CenterForOpenScience / waterbutler

WaterButler is a Python web application for interacting with various file storage services via a single RESTful API, developed at Center for Open Science.
Apache License 2.0
62 stars 76 forks source link

504 Gateway Time-out when using osf-client and google drive #284

Closed luizirber closed 6 years ago

luizirber commented 7 years ago

Using the current master for osf-client:

pip install https://github.com/dib-lab/osf-cli/archive/cf525b42de3ef8ddef8cb4a4d4f5c826160f7a35.zip

When I try to list the contents of project vk4fa:

$ osf -p vk4fa list
googledrive/kraken_db/taxonomy/taxdump.tar.gz
googledrive/kraken_db/taxonomy/taxdump.flag
googledrive/kraken_db/taxonomy/taxdump.dlflag
googledrive/kraken_db/taxonomy/readme.txt
googledrive/kraken_db/taxonomy/nodes.dmp
googledrive/kraken_db/taxonomy/names.dmp
googledrive/kraken_db/taxonomy/merged.dmp
googledrive/kraken_db/taxonomy/gi_taxid_nucl.dmp
googledrive/kraken_db/taxonomy/gimap.flag
googledrive/kraken_db/taxonomy/gimap.dlflag
googledrive/kraken_db/taxonomy/gencode.dmp
googledrive/kraken_db/taxonomy/gc.prt
googledrive/kraken_db/taxonomy/division.dmp
googledrive/kraken_db/taxonomy/delnodes.dmp
googledrive/kraken_db/taxonomy/citations.dmp
googledrive/kraken_db/seqid2taxid.map
Traceback (most recent call last):
 File "bin/osf", line 11, in <module>
   load_entry_point('osfclient==0.0.3', 'console_scripts', 'osf')()
 File "lib/python3.6/site-packages/osfclient/__main__.py", line 104, in main
   exit_code = args.func(args)
 File "lib/python3.6/site-packages/osfclient/cli.py", line 91, in wrapper
   return_value = f(cli_args)
 File "lib/python3.6/site-packages/osfclient/cli.py", line 222, in list_
   for file_ in store.files:
 File "lib/python3.6/site-packages/osfclient/models/file.py", line 111, in _iter_children
   children.extend(self._follow_next(url))
 File "lib/python3.6/site-packages/osfclient/models/core.py", line 64, in _follow_next
   response = self._json(self._get(url), 200)
 File "lib/python3.6/site-packages/osfclient/models/core.py", line 60, in _json
   status_code))
RuntimeError: Response has status code 504 not (200,)

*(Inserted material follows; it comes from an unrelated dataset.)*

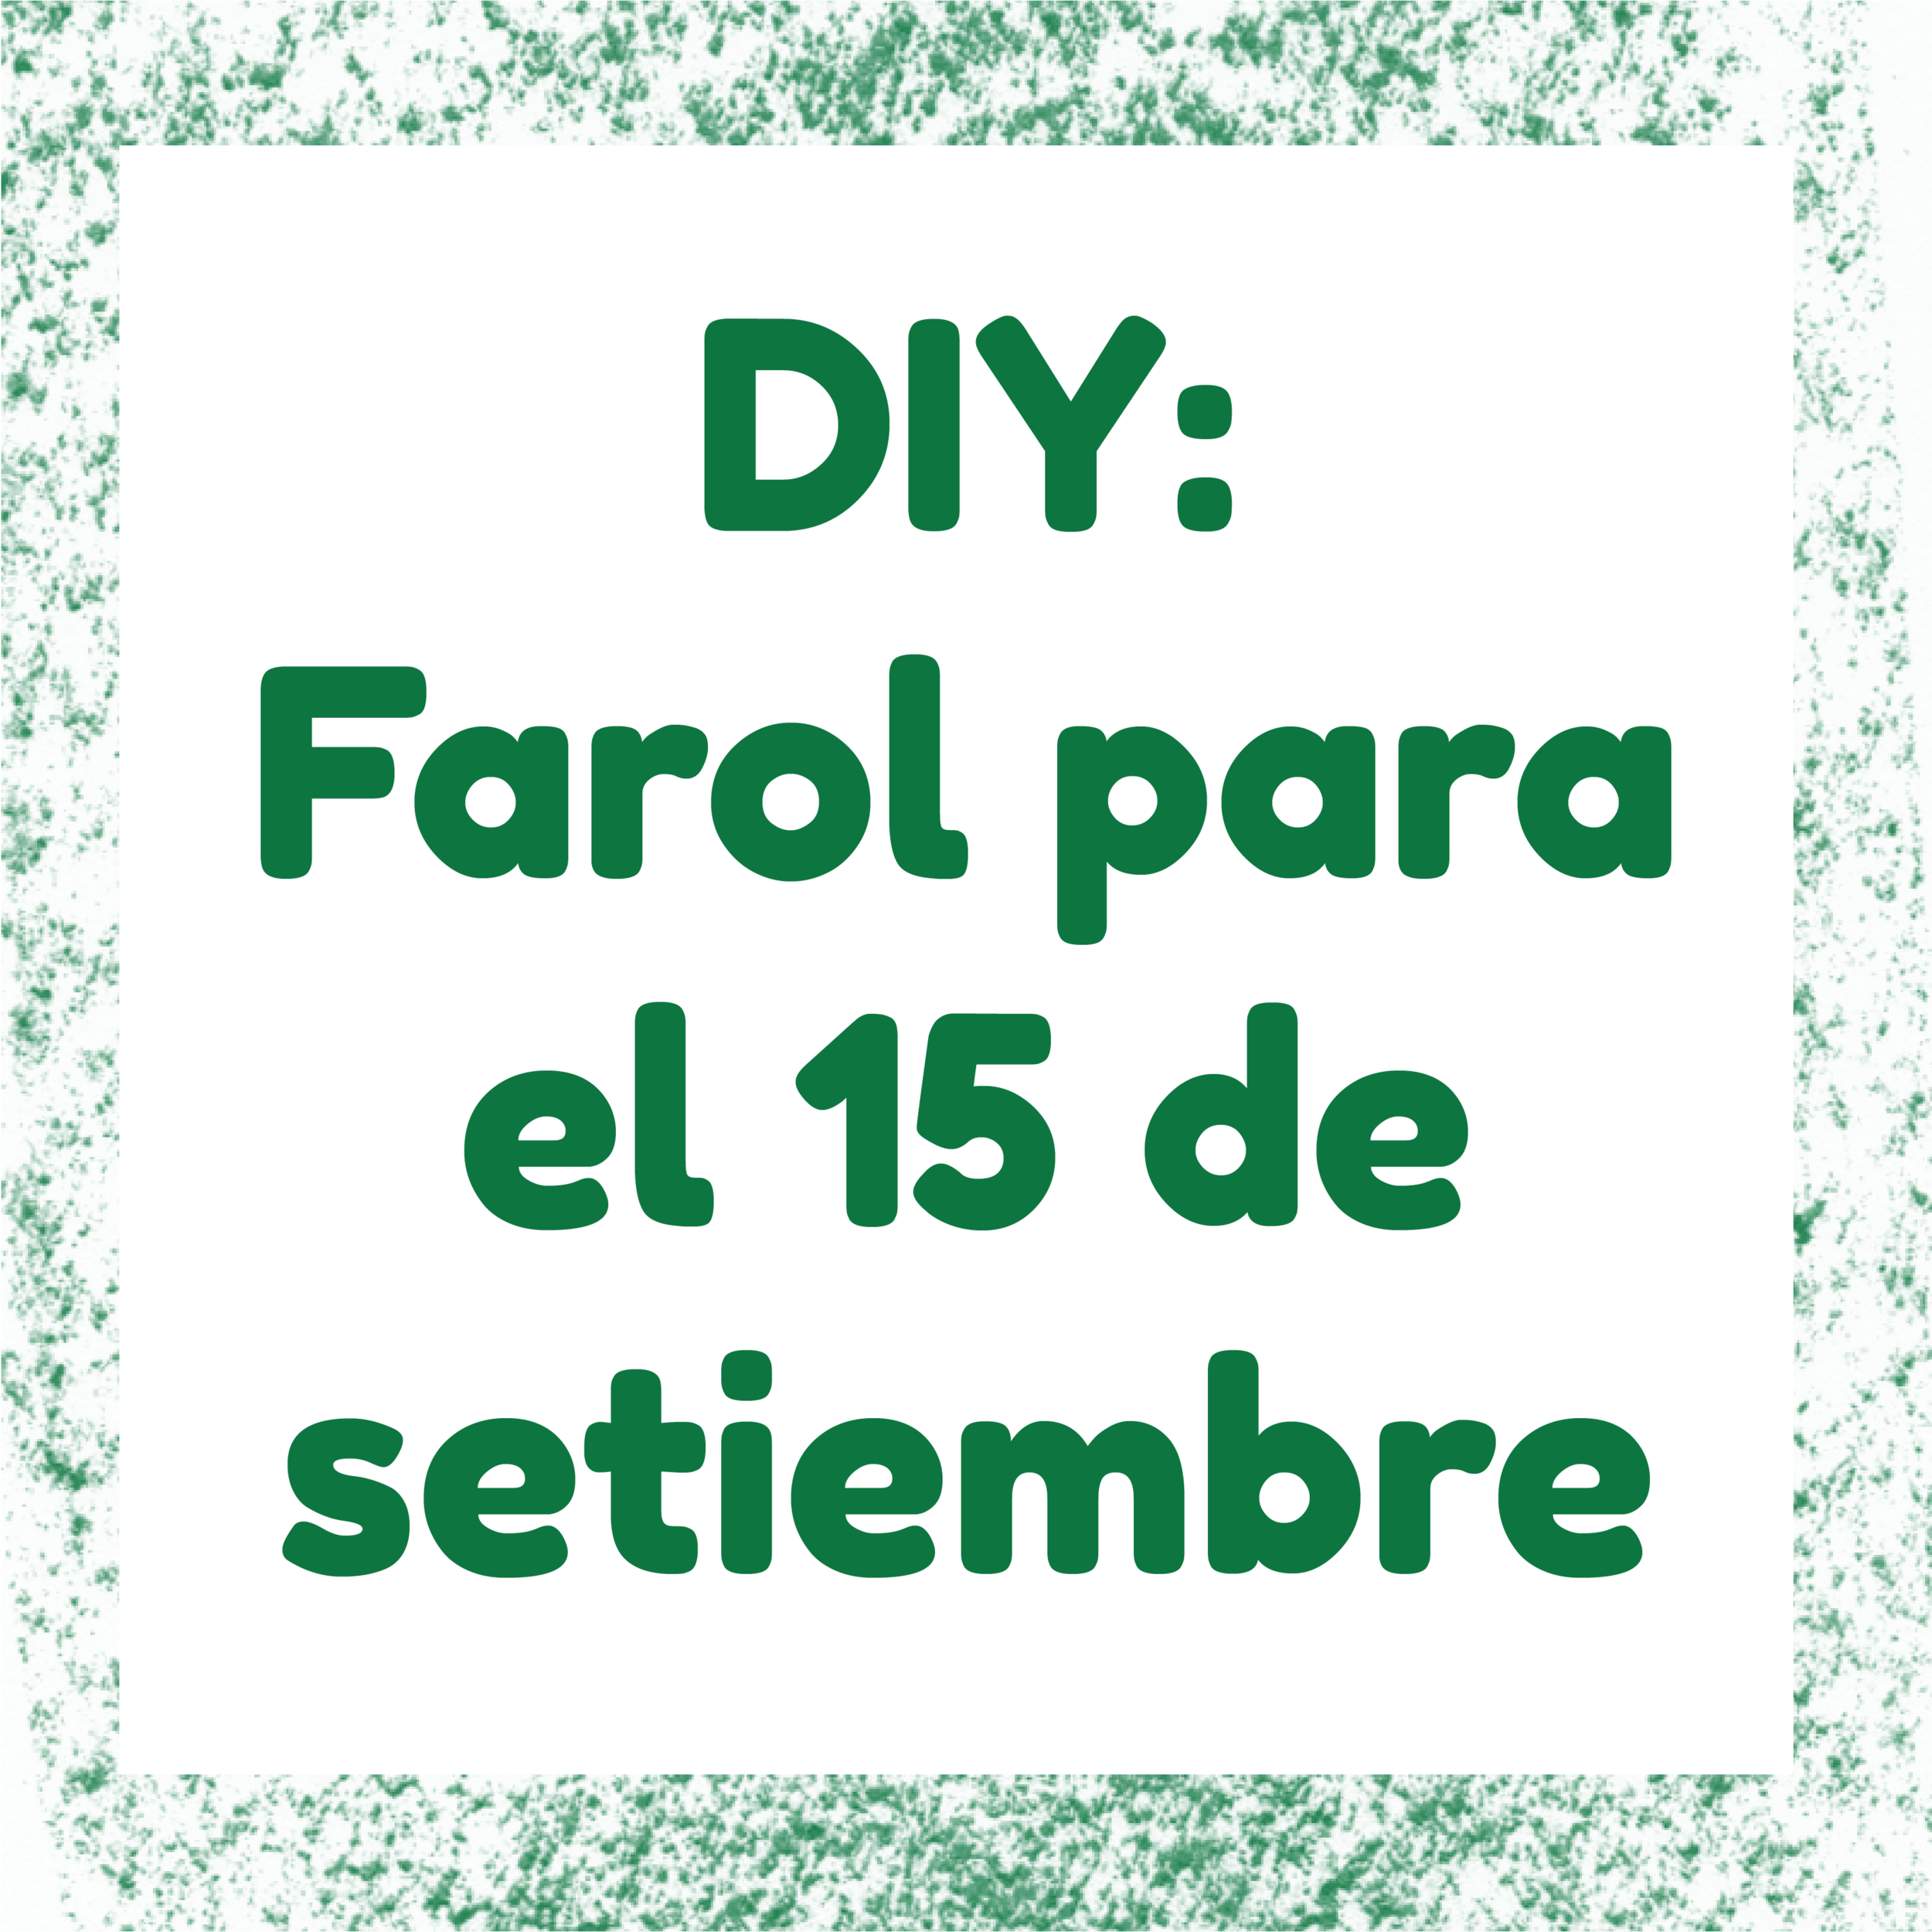 farol-01.png

Running with PDB and digging into the Response, the URL failing is https://api.osf.io/v2/nodes/vk4fa/files/googledrive/kraken_db/library/Viruses/. We can reproduce the error with cURL at this point:

$ curl https://api.osf.io/v2/nodes/vk4fa/files/googledrive/kraken_db/library/Viruses/ 
<html>
<head><title>504 Gateway Time-out</title></head>
<body bgcolor="white">
<center><h1>504 Gateway Time-out</h1></center>
<hr><center>nginx</center>
</body>
</html>

If I go to https://osf.io/vk4fa/files/ and find the same path (googledrive/kraken_db/library/Viruses/) it loads the content of this folder.

From this point on I don't know how to debug: why does it work in the web frontend, but it fails when I query the API directly?

brianjgeiger commented 7 years ago

@luizirber Could you try connecting that to a project on test.osf.io to see if the problem replicates? That should let us know if it's something in the database or something with that directory.

sloria commented 7 years ago

@luizirber We've just deployed a fix that should prevent that timeout. Would you mind trying again?

felliott commented 6 years ago

@luizirber, did that fix work for you?

felliott commented 6 years ago

Closing as part of New Year's tidyness party! Feel free to reopen if the original issue has not been fixed.